An article written in the occasion of the Charlie Gard case…

The cosmos is an evil place.

This is the harsh reality today. And anyone not admitting it, is either lucky enough to have temporarily avoided that evil, stupid or part of that evil.

We live in the age of death. Not death in the sense of physically dying. This was always the case. And all we had to do was to accept it. But a spiritual death.

We are in the age of euthanasia justified by the notion of “human dignity”. As if all those people who die every passing minute have non. We live in the age of killing babies, where the murder is named “termination” and the “right to my body” is misinterpreted as a right to destroy another person into pieces and suck him into a vacuum only because you prefer drinking mojitos at Mykonos without anyone annoying you. We live in the age of childless leaders, who prefer to adopt dogs rather than human children who suffer. We live in the age of society destroying the notion of family, thus sentencing the souls of young child into a life of misery, just in order to be regarded as “progressive”. And this happens at the same time when pedophilia is starting to be considered acceptable in the name of the “enlightenment” of our “modern” society. We live in the age of hospitals and courts deciding who lives and who dies, all in the name of some nicely named “right”. We live in the era where people believe in science, which in turns believes humans as spiritual beings do not exist…

God is dead.

He used to Be among us. But we killed him.
Because we were part of Him as well.
And we could thus kill Him with our own actions if we wished so.

God is dead.

And no, this is not something to celebrate about.
Charlie is in his cot now. Don’t cry anymore…

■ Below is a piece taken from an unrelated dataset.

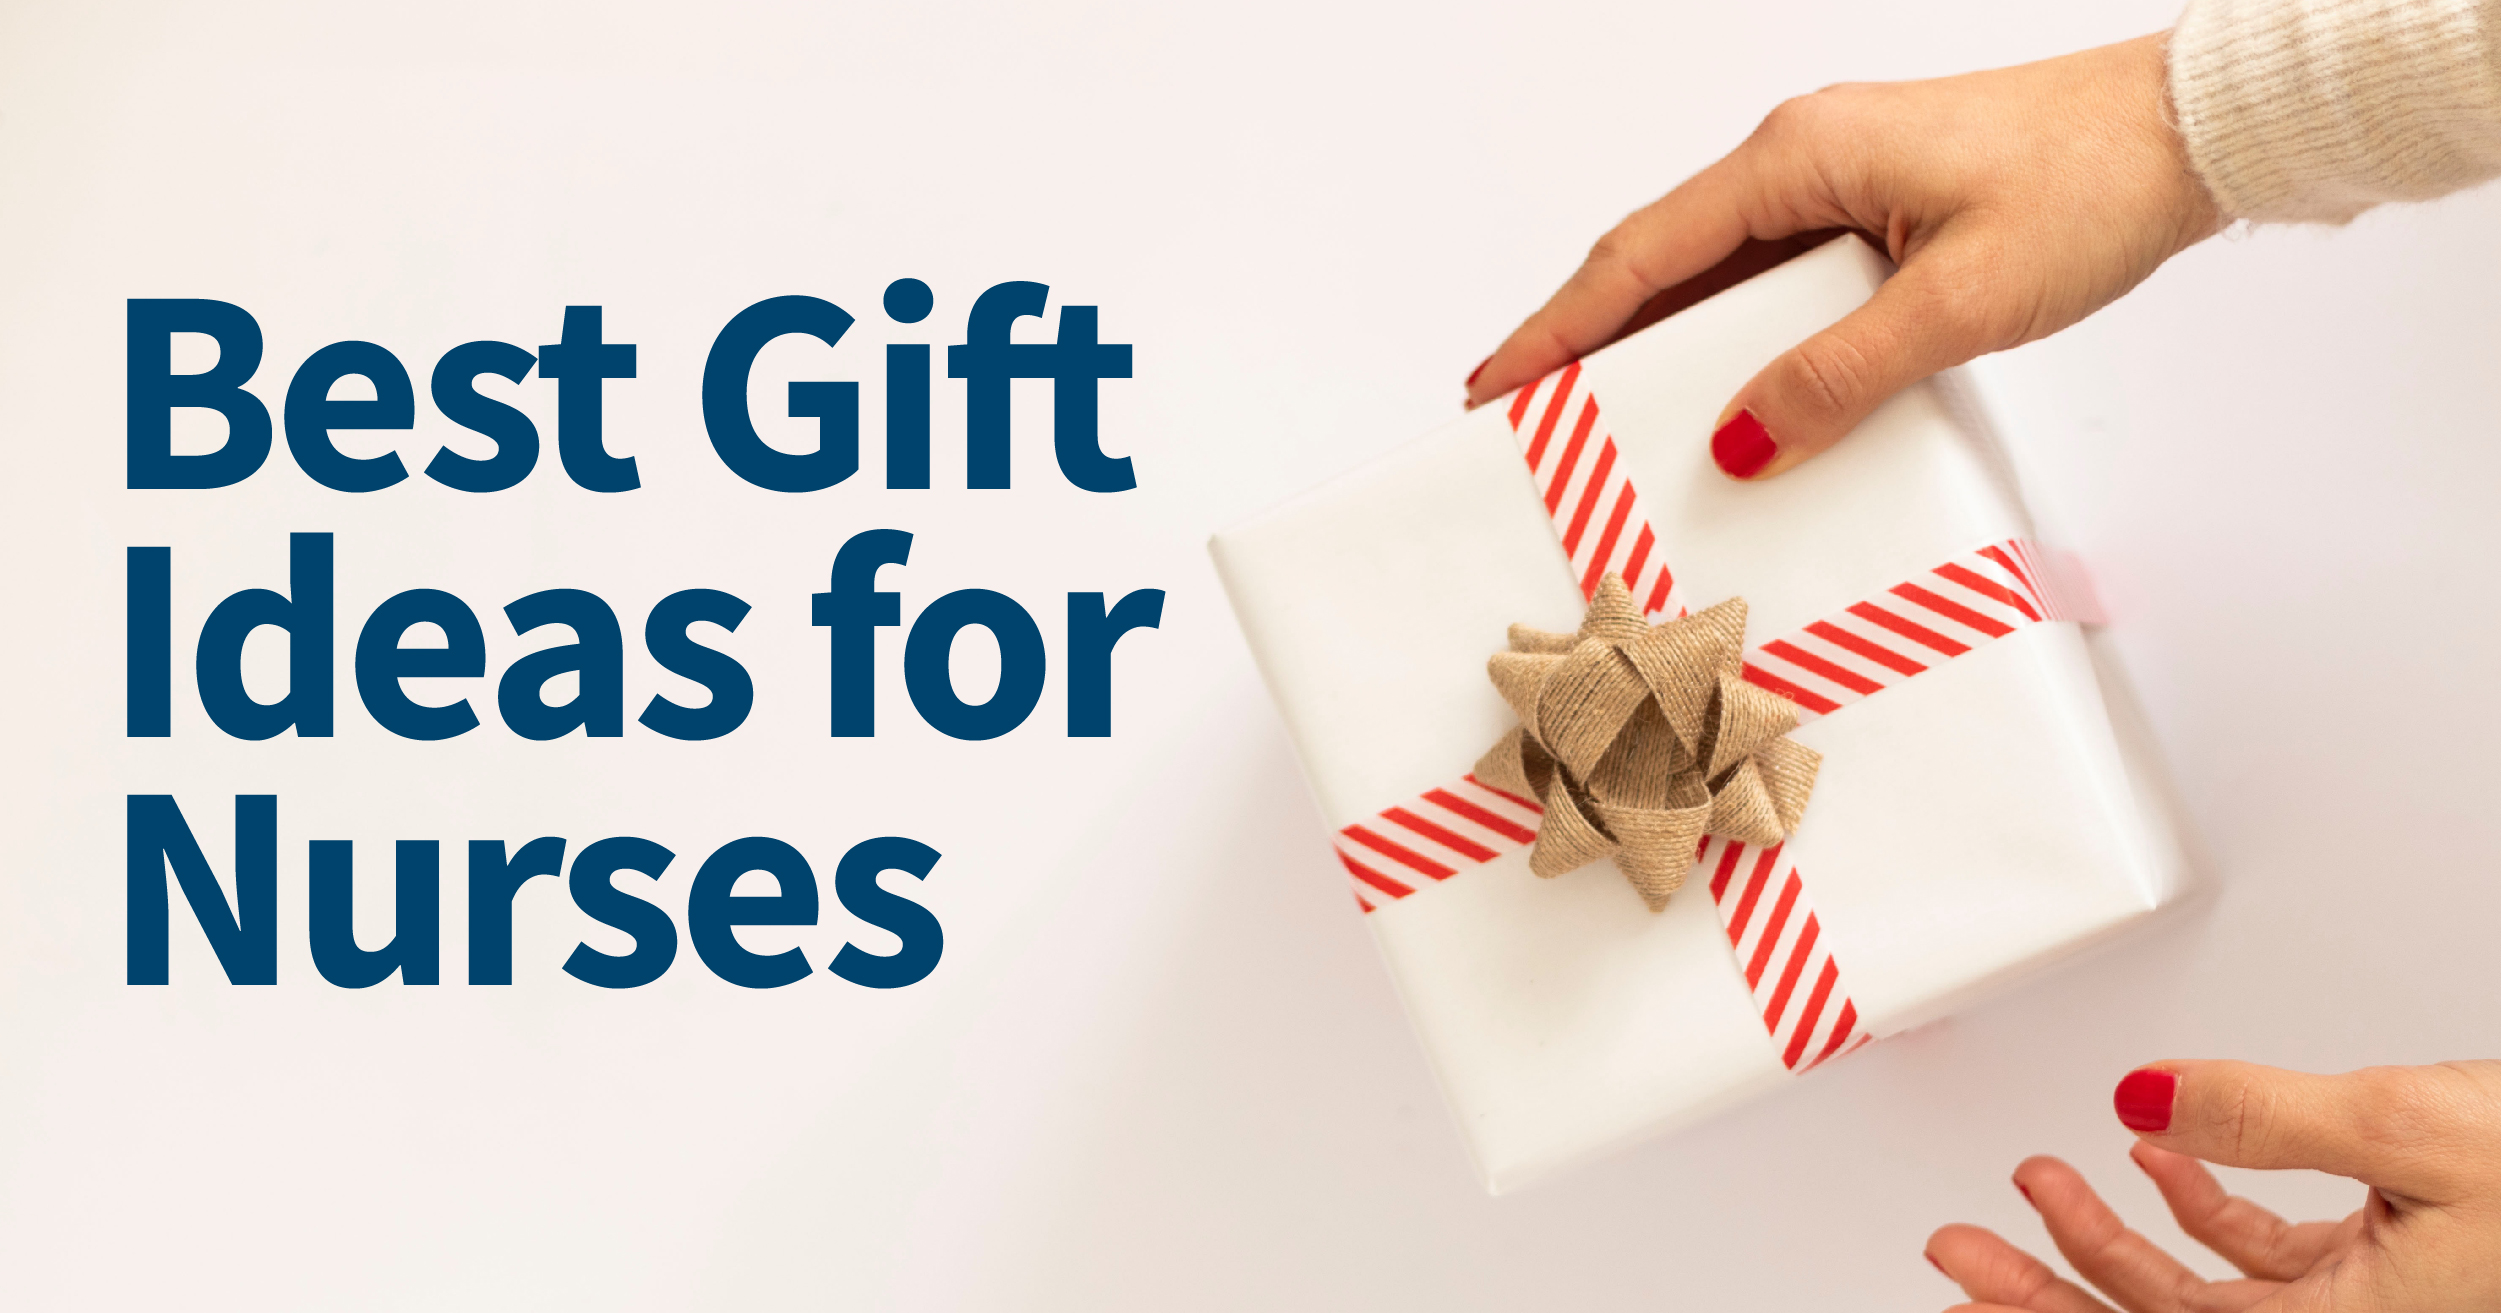 woman's hand holding a gift-wrapped present against white background with blue text overlay 
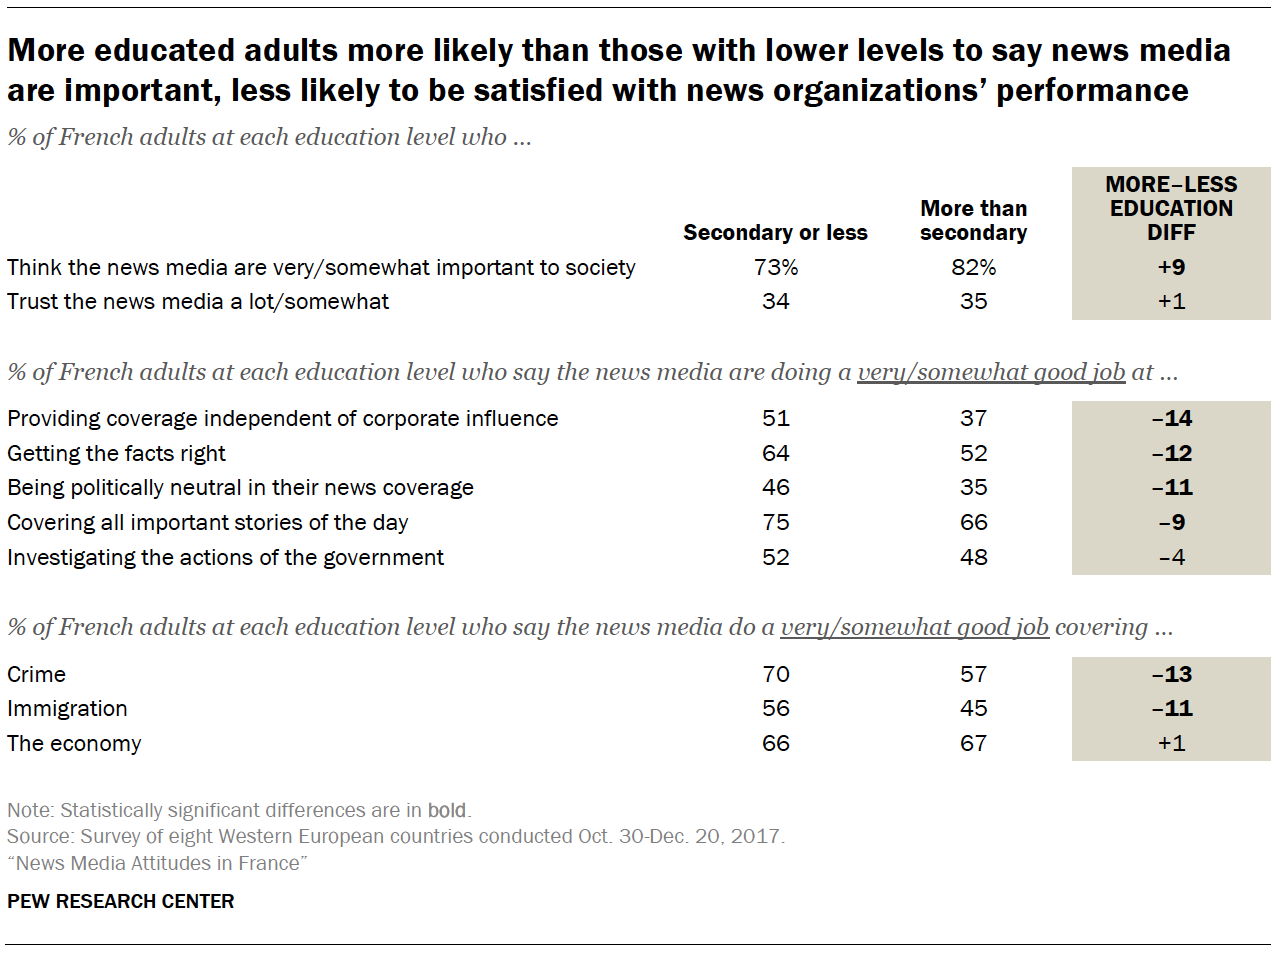 More educated adults more likely than those with lower levels to say news media are important, less likely to be satisfied with news organizations' performance

Against Enlightenment: The Enlightenment was not light. The Enlightenment is darkness.

Since as early as 17th century – the era of René Descartes and Benedict De Spinoza – opposition to the church and faith in “logic” was starting to be the new fashion. [1] Later on, in an era of revolutions during the 1789-1848 period, the reaction to the secular powers became synonym to reaction to the church as well, since the latter had been closely related to the first for so long. [2] Finally and after many “battles”, science finally seemed to have “won”. Everyone cheered. Together with the democratization of the world, the rise of atomism and the obviation of the privileges of the few, the church was defeated. The masses had – at last – a saying in how things were going to be in the world. And it was going to be a “logical” world at last!

But…

Was the Enlightenment enlightenment or just a… blackout? How many times had the masses the correct answer to ANY philosophical problem? What will we see if we look at the history of human civilization? Did the world “suddenly” progress in the 19th century or did we progress thousands of year ago and ever since we are in a constant decay?

Ancient Greece: Man started to wonder about his existence. Philosophy was born, along with theatre, tragedy, arts, geometry. Man questions and tries to answer big metaphysical questions. Nature is in the center of human thought. Man simply participates in the marvel of existence.

33 A.C. A man died for the sins of all people. The world seemed to change. Love appeared for the first time at the very core of a new philosophical system. Man can be God. A new era seemed to emerge.

Temporarily. The years that followed humans forgot the teaching of this Man. And the world became darker and darker every passing minute… Rome fall from the barbarians. Constantinople fell from the barbarians. And later on was completely destroyed from the other barbarians of the East.

The remains of Christianism were strong enough to act as foundation of the European civilization [3], but not strong enough to withhold the tide of darkness stemming from the inner soul of the barbarians. The barbarians who never stopped worshiping the moon or the sun, instead of the light within our soul. A few enlightened (with the true meaning of the word) men continued to spread and live by the teachings of Jesus but few paid attention.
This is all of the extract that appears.